5 tn Heb “deliverance of the Lord.” In the genitive-construct, the genitive יהוה (YHWH, “the Lord”) denotes source, that is, he is the source of the deliverance: “deliverance from the Lord.”

6 tn See note at 3:1 on the Hebrew term for “man” here.

7 tn Heb “that he bear.”

8 sn Jeremiah is referring to the painful humiliation of subjugation to the Babylonians, particularly to the exile of the populace of Jerusalem. The Babylonians and Assyrians frequently used the phrase “bear the yoke” as a metaphor: their subjects were made as subservient to them as yoked oxen were to their masters.
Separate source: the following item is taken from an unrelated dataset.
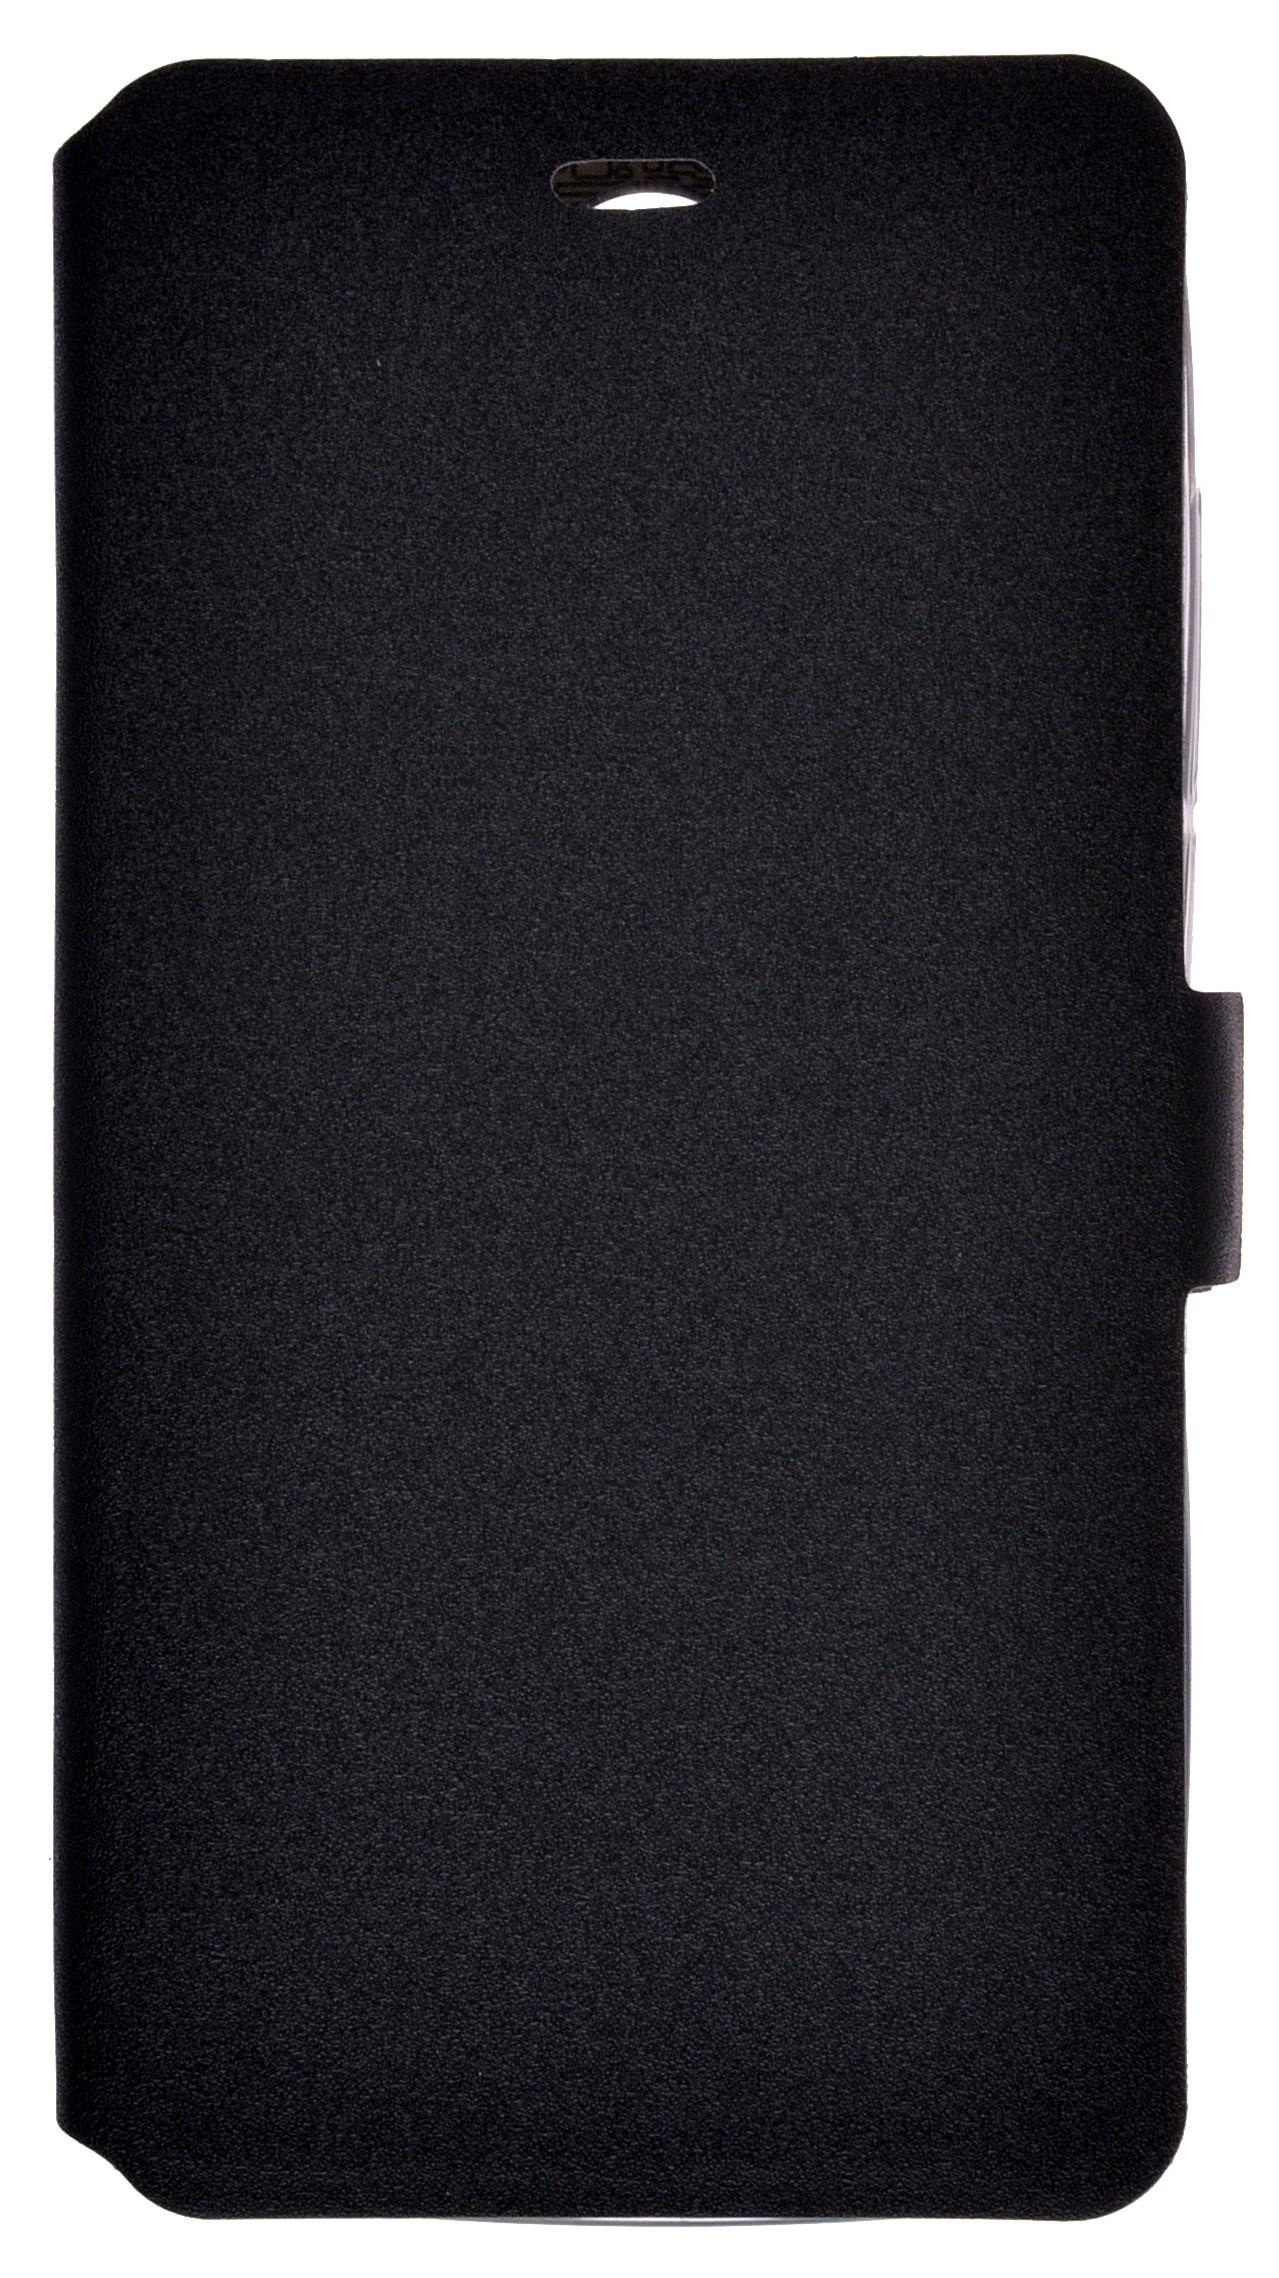 Чехол Prime Book- для Prestigio Muze G3 аккумулятор для телефона ibatt bl 53yh для lg d855 g3 d690 d690 g3 stylus d851 g3 d850 g3 d856 lg g3 dual lte vs985 g3 ls990 g3 d690n f400 g3 aka

Because the Babylonian exile would last for seventy years, only those who were in their youth when Jerusalem fell would have any hope of living until the return of the remnant. For the middle-aged and elderly, the yoke of exile would be insufferable; but those who bore this “yoke” in their youth would have hope.

9 tn Heb “in his youth.” The preposition ב (bet) functions in a temporal sense: “when.”